Barley 24-hours after Deputy police director for operations Abraham Kromah was made to apologize to plenary to the Liberian senate for acts that he may have indirectly committed to obstruct legislative functions when he allegedly detained the vehicle of a lawmaker the director of the Liberia National Police Col. Chris Massaquoi says individuals caught violating traffic rules will be dealt with according to the law.
"The LNP will resist any and all attempt by any motorist, be it government workers, government officials or whoever deliberately or attempt to deliberately run over officers," Col. Massaquoi told reporters on Wednesday in Monrovia.
"This will be regarded as an attempt to run over the officer and as such, such individuals again no matter the status will be exposed and will face the full weight of the law."
Col. Massaquoi said on a number of occasions the LNP has had to fly its some of officers abroad for specialized medical treatment who sustain life-threatening injuries as a result of being intentionally hit and run by vehicle operators and it is determined to bring the culprits to justice.

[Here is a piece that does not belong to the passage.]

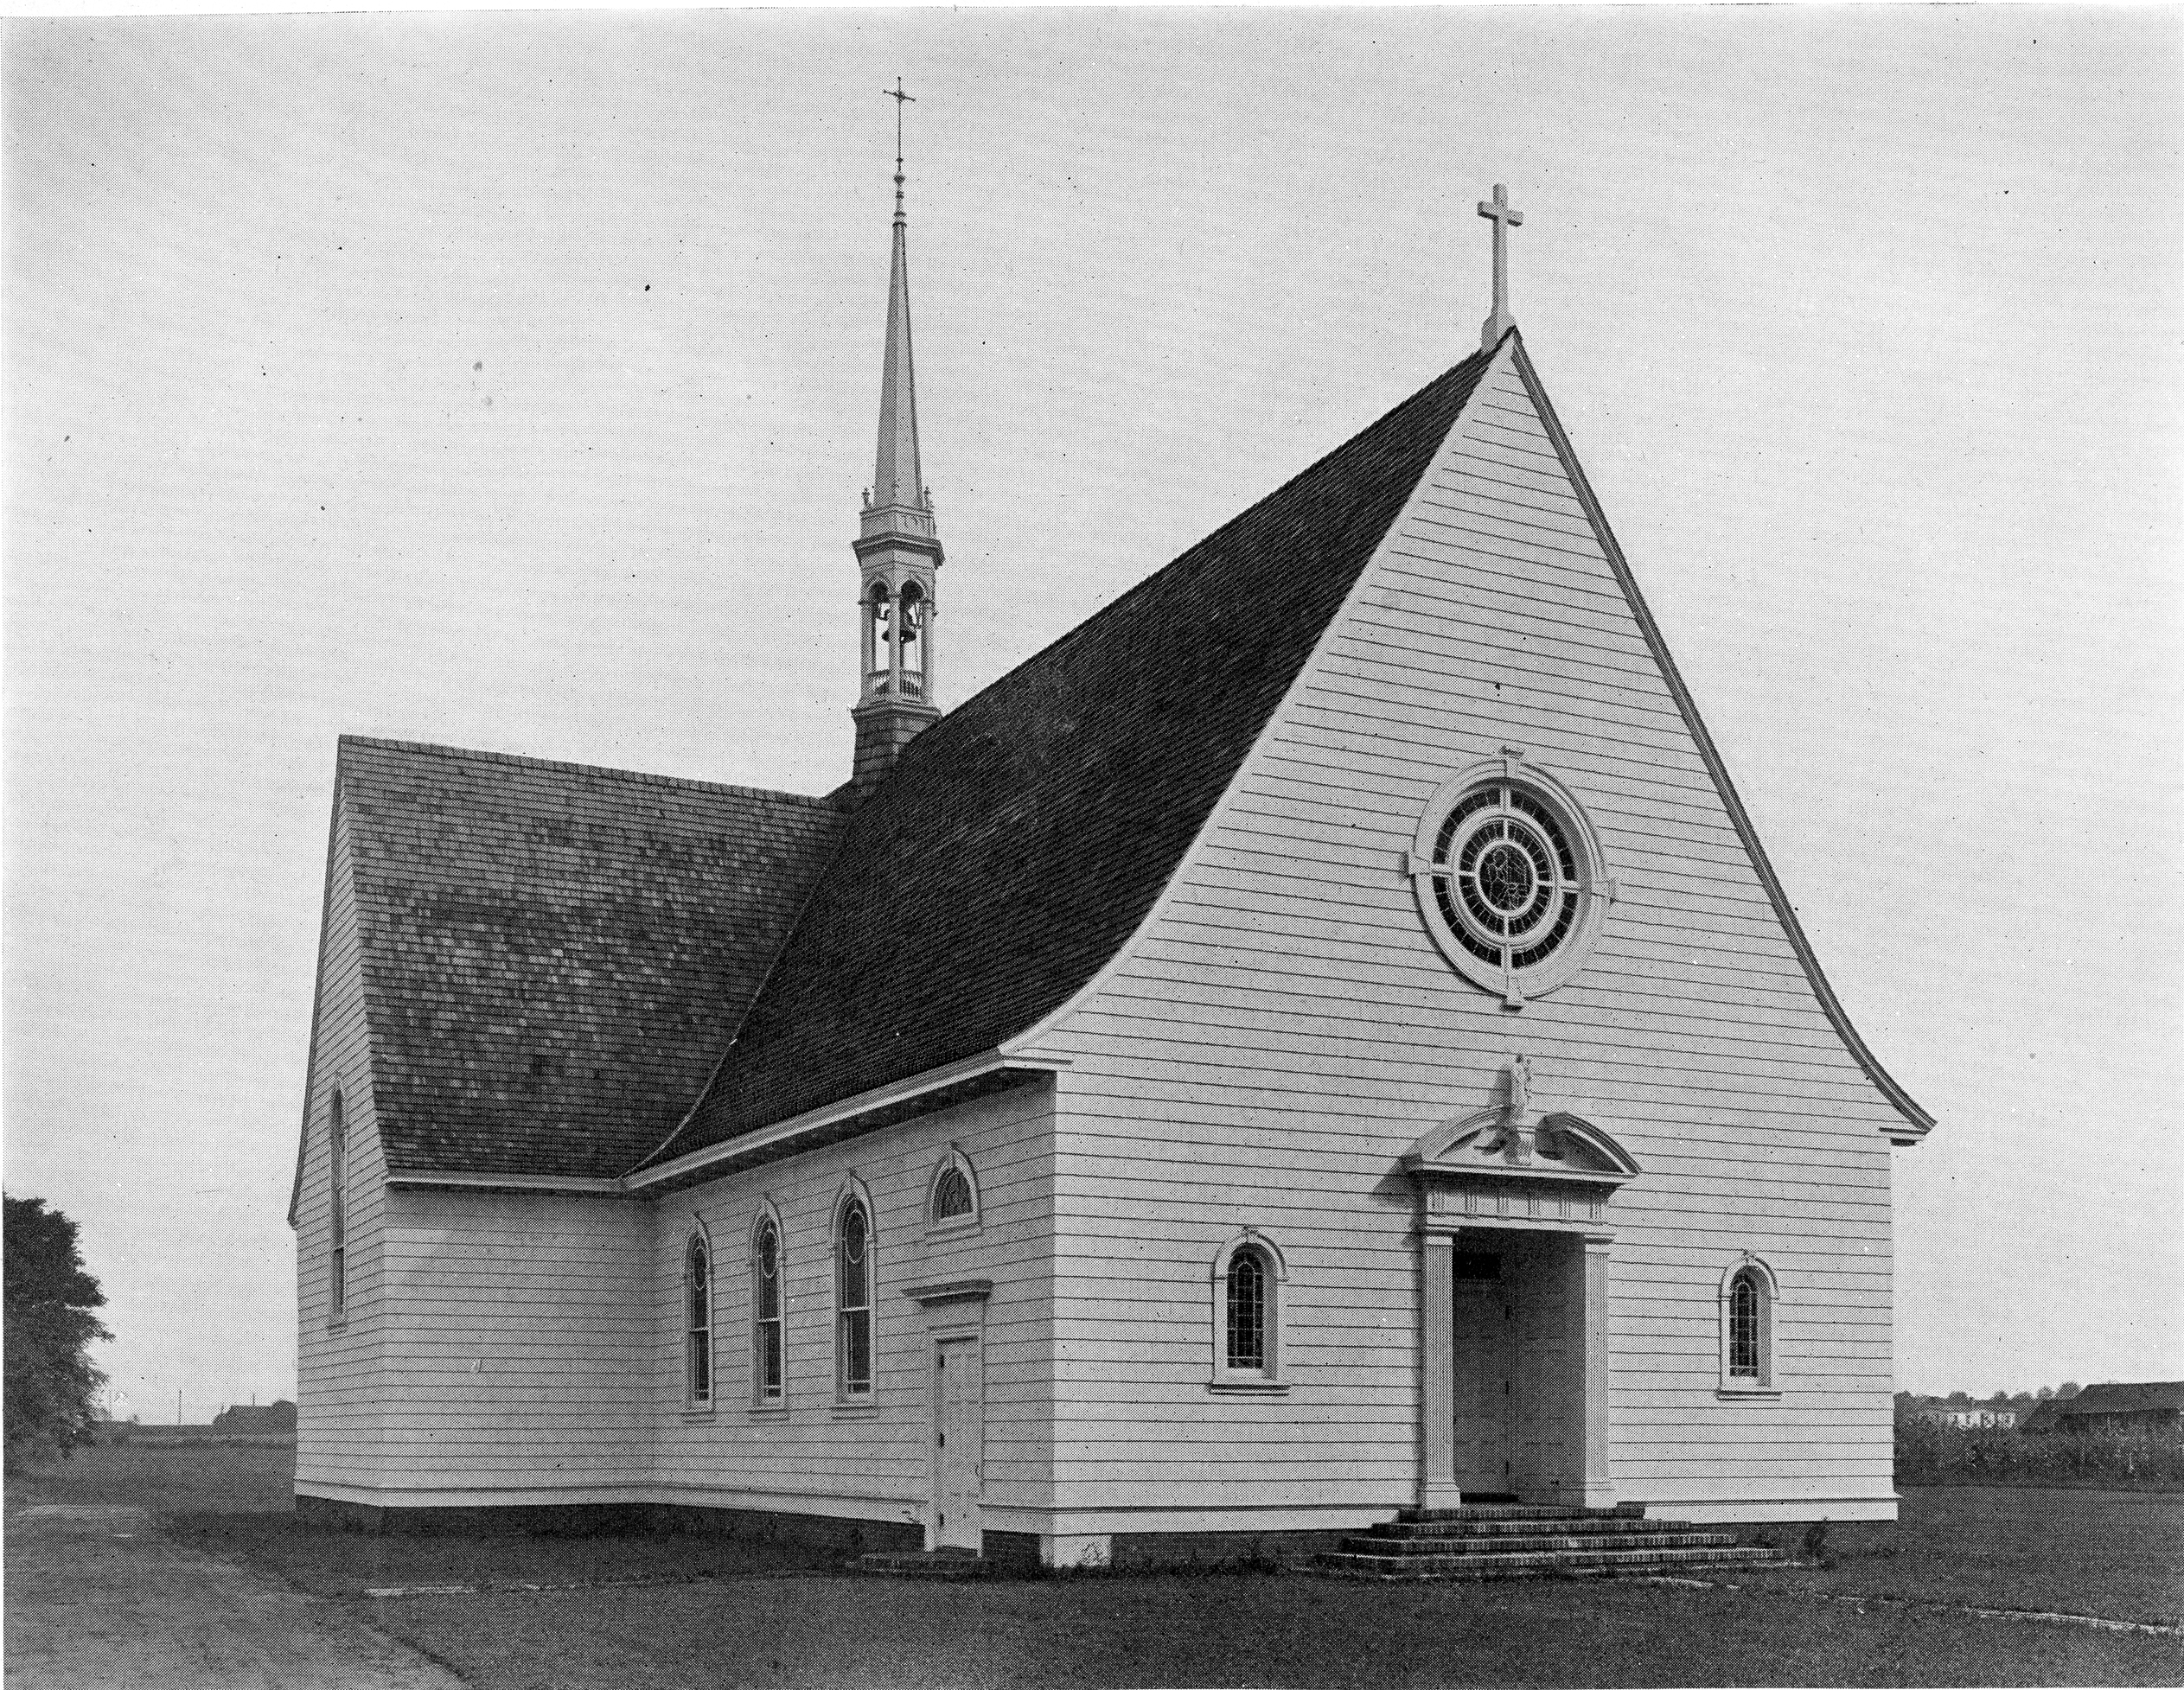 An early photograph of Queen of the Most Holy Rosary Catholic Church in Bridgehampton from The American Architect. The bell steeple was blown of the church in the 1938 hurricane. COURTESY QUEEN OF THE MOST HOLY ROSARY

He said the LNP has observed with serious concern, the flagrant and wanton disregard of the vehicle and traffic laws of the republic of Liberia by some members of the driving public especially those working in government whether elected or appointed; 'driving themselves or are driven by their chauffeurs'.
The police boss told journalists at the LNP headquarters in Monrovia that individuals including those in government are in the constant habit of violating the traffic laws while at the same time exposing police officers to danger.
"We have also observed the illegal use of police lights and sirens by some non-police vehicles, while at the same time, motorists create a third lane in the traffic and driving on the shoulders of the road," he said.
He called individuals engaged in the illegal and unlawful use of emergency devices, such as emergency lights, sirens and horns to immediately desist and remove these devices from their vehicles; while those using the shoulders of the roads to create a third lane to refrain and stay on the main road.
"The above dangerous and illegal practice has become alarming at the point when some officials of government when told to observe the laws attempt to run the traffic police over in the callous disrespect for the law and safety of the republic of Liberia; especially for officers, whose duty it is to regulate and control the traffic," he said.
Continued Col Massaquoi: "This practice is strongly unacceptable since under our laws; no one, no matter his or her status is above the law. The LNP is therefore appealing to all motorists regardless of who they may be to strictly observe vehicle and traffic laws and abide by the orders of the traffic Police in order to avoid unnecessary confrontation with the police, which most often time is considered as courtesy not being accorded and gross disrespect."
The police boss' warning comes in the wake of a communication written by Senator Theodoer Momo (UP-Gbapolu County) asking plenary to invite Kromah to give reasons why he should not be held in contempt for obstructing legislative duty, something for which Kromah apologized and was fined.
But the Police Chief responding to questions from reporters on the issue of lawmakers using sirens in order to get to session on time, said no one is above the law and only individuals in the government allowed to use such emergency instruments will be allowed to do so and violators will bear the consequences no matter who they are.
"Henceforth, the Liberia National Police is warning the general driving public that they will not succumb to threats and intimidation from the public regarding the enforcement of the traffic laws," said Col. Massaquoi.
"More importantly, the authority of the LNP is strongly warning the driving public that it will not tolerate motorists, hitting and or attempting to run-over police officers, while discharging their lawful duties."
'I am sorry'
On Tuesday, Deputy police director for operation Kromah apologized to plenary to for acts that he may have indirectly committed to obstruct legislative functions.
Senator Momo accused the deputy police boss of giving instructions to police officers to pull him over as he tried using the shoulders of the road due to an opportunity created by the police director convoy in order to get to work on time due to traffic congestion during the morning hours.
Momo said in his communication that despite efforts by him to identify himself as a lawmaker, the officer implementing the orders refused to grant him the courtesy on grounds that he was implementing orders from his boss.
Theodore also told plenary there was another incident between him and the very deputy police chief where the he (Kromah) issued similar orders. Momo said, after a complaint was filed Col. Massaquoi promised to institute an investigation but no such probe has been conducted.
Appearing before the senate plenary Kromah expressed his apology to the senator and plenary of the Liberian senate and promised that there will never be a re-occurrence of such act against Senator Momo and other members of the Legislature.
Kromah said: "What transpired yesterday as confusing as it is; very regrettable because to impede the movement of any member of this august body will be impeding the movement of the people and we're conducting an investigation into this matter and come up with a result."
As a result of his apologetic posture, Kromah was mandated to write his apology letter, which was published in local dailies. Despite Kromah's appearing, some senators called on the police to be decisive in ensuring that public officials are protected against such act.
They also accused the police of being more concerned about protecting members of the executive as compared to members of the legislature but the Police boss' current statement says no one is above the law and that no public official be it lawmaker or minister will be allowed to violate the traffic laws.